Though he continued to be annoying about the acetic roots of their practice. So they locked him up and commenced to beat him daily until morale improved– and his niggling conscience got distracted with other things.
Things did not proceed according to plan. You see… he started having these conversations with God, and commenced writing transcendentally beautiful poetry. He was also a prolific letter writer, and these writings escaped his prison the same way cocaine winds up in our prisons. Similarly, no matter how avowedly against his writings and letters they were at this monastery, they kept getting out and causing trouble in the larger world. We know this man as St. John of the Cross.

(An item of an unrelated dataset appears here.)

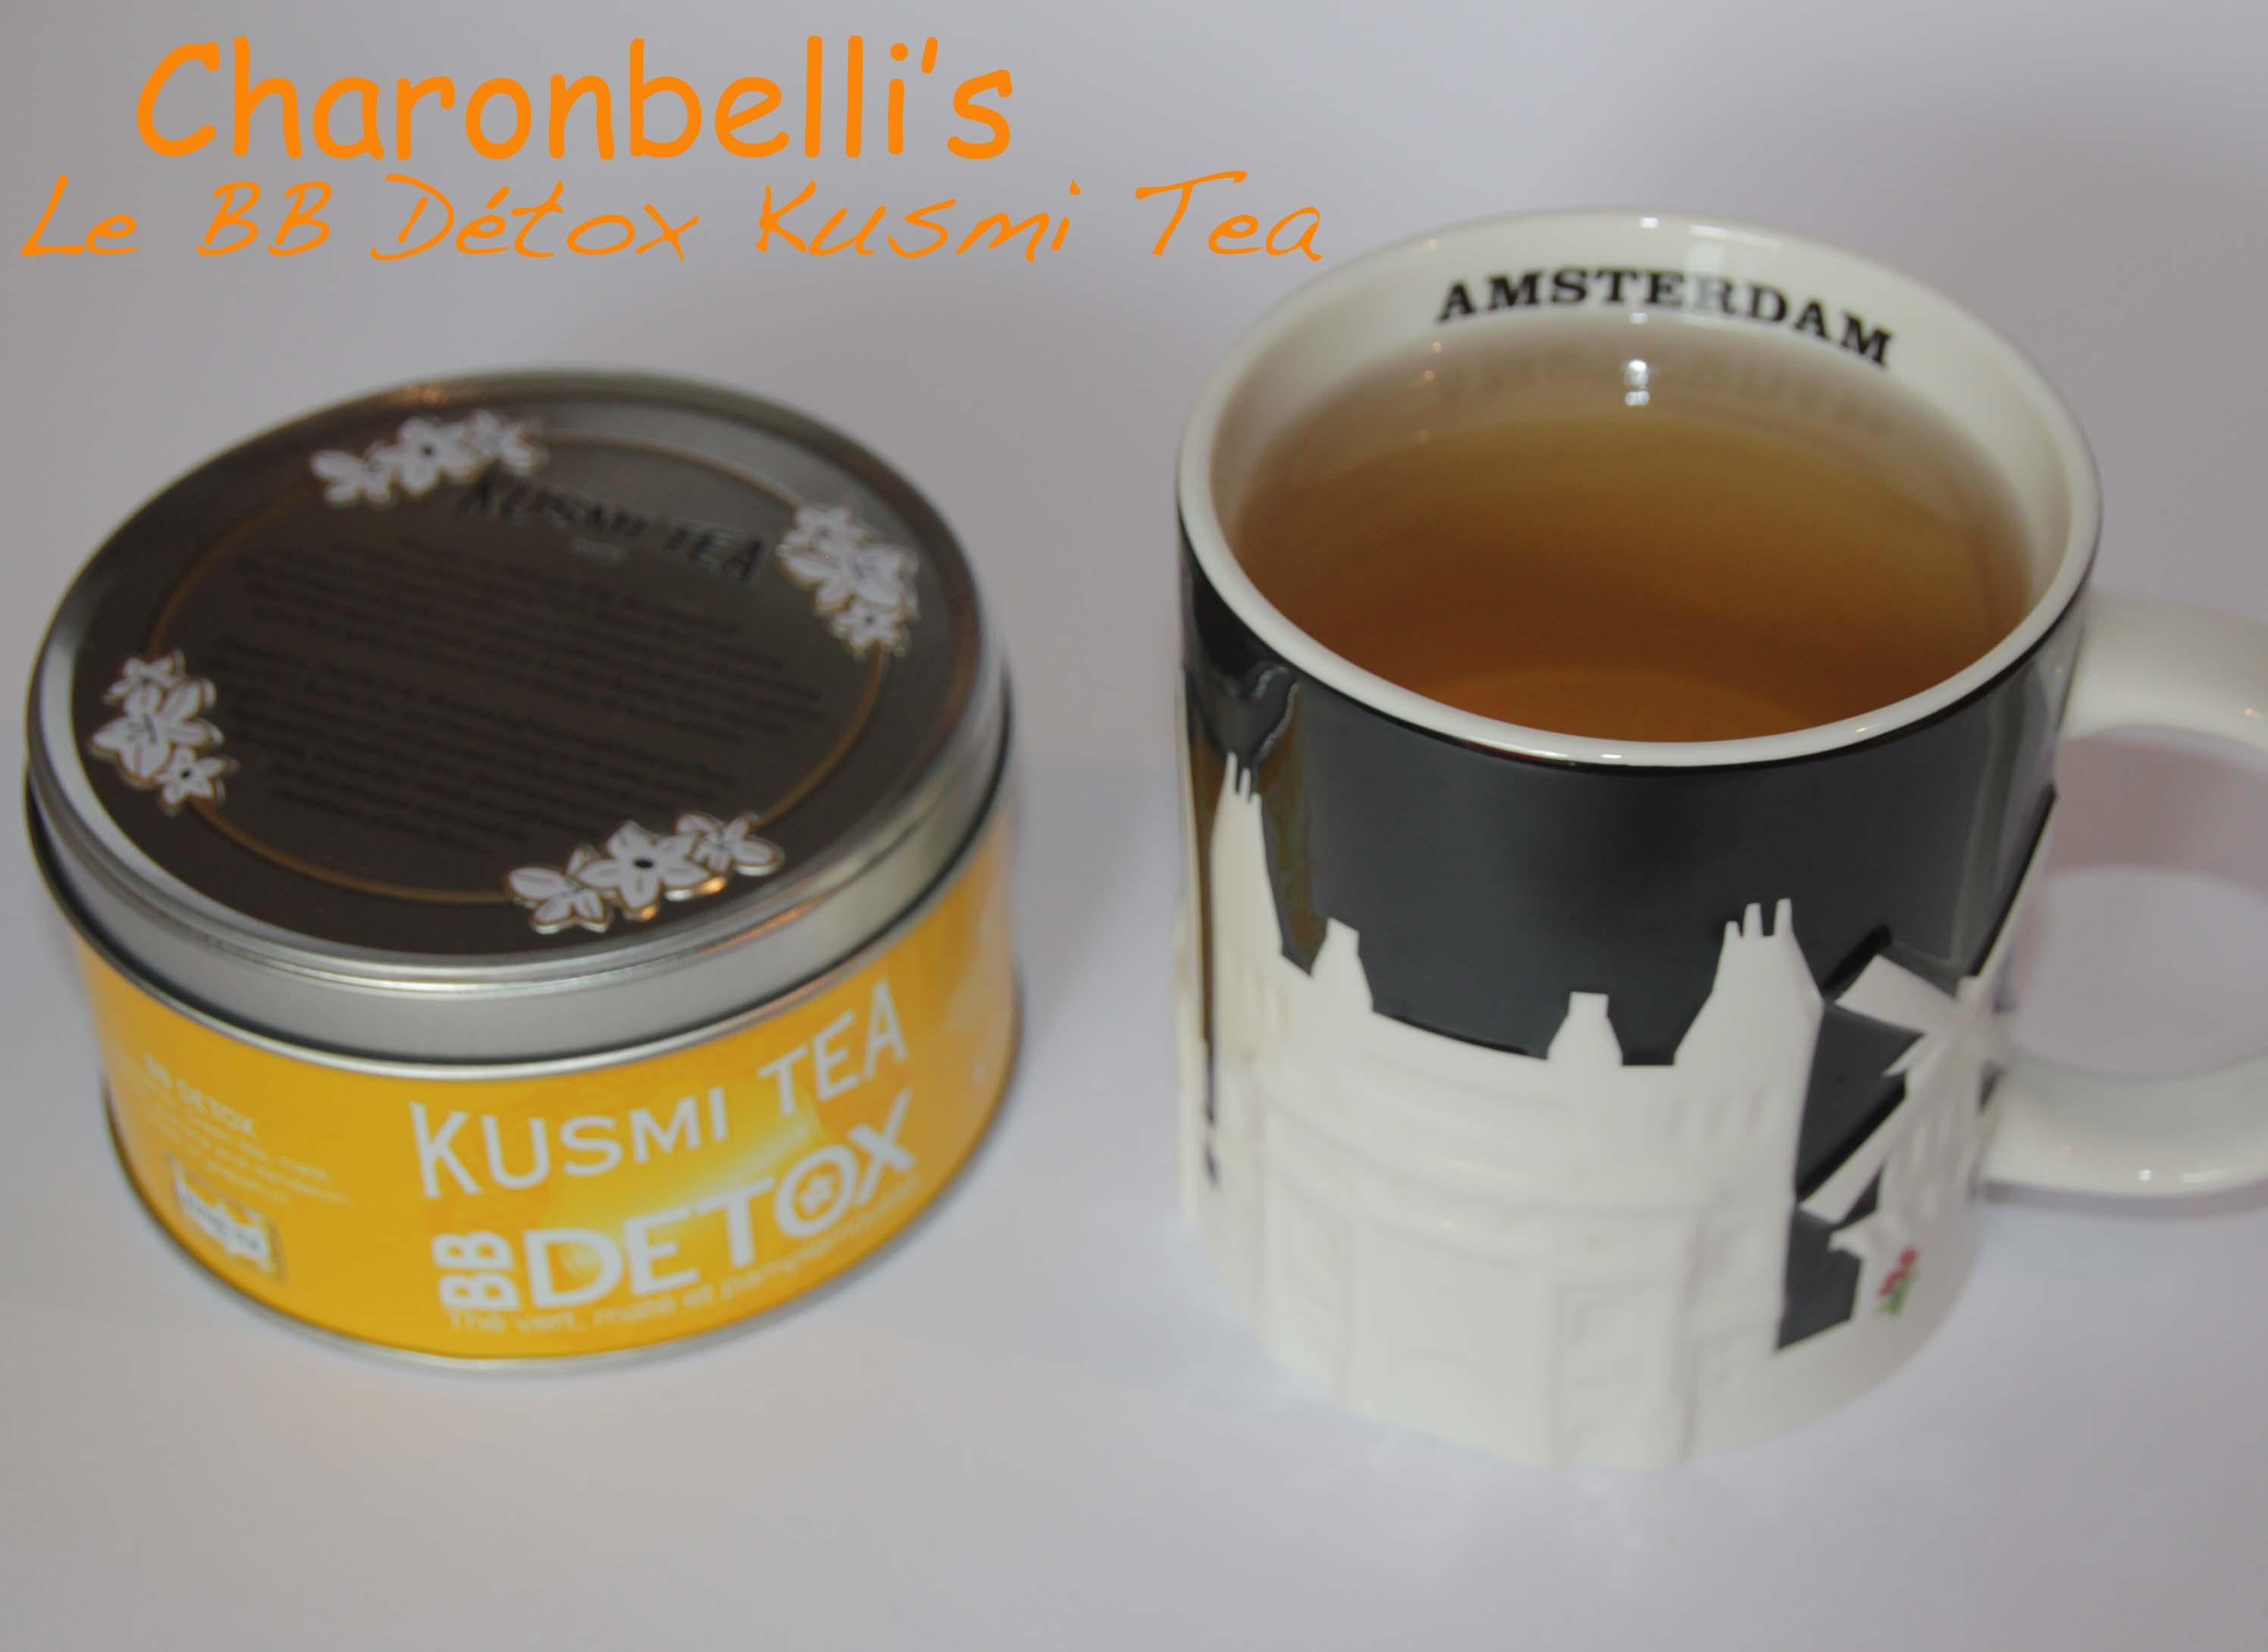 BB Détox Kusmi Tea (2) - Charonbelli's blog de cuisine

Eventually these poems and letters got published, and.. soon the bishop was writing the Abbot telling him that dear old Brother John was now his superior….
Last but not least– how about a Satanic Priest who renounced his entire life to date, challenged his “flock” –armed with nothing more than a miraculous medal– then found a religious order. In order to preserve the reputation of the order– he married a woman he worked closely with and stayed chaste for the rest of his life.
They married only to stall rumors that they were having relations., but none the less– despite the vicious campaign of slander even from his fellow priests– stayed faithful to Catholic teaching and never renounced his faith. He was obedient to Mother Church to the end, even when it did not appear to make sense. Certain formerly famous priests could learn from his example. He’s Blessed Bartolo Longo. He’s not a saint yet… but he will be, I’m pretty sure.
This is not to say that those who want to be saints (ie. everyone) should court weirdness for it’s own sake. But judging from what I’ve read– if you aim for a life of holiness– the strange will come to you.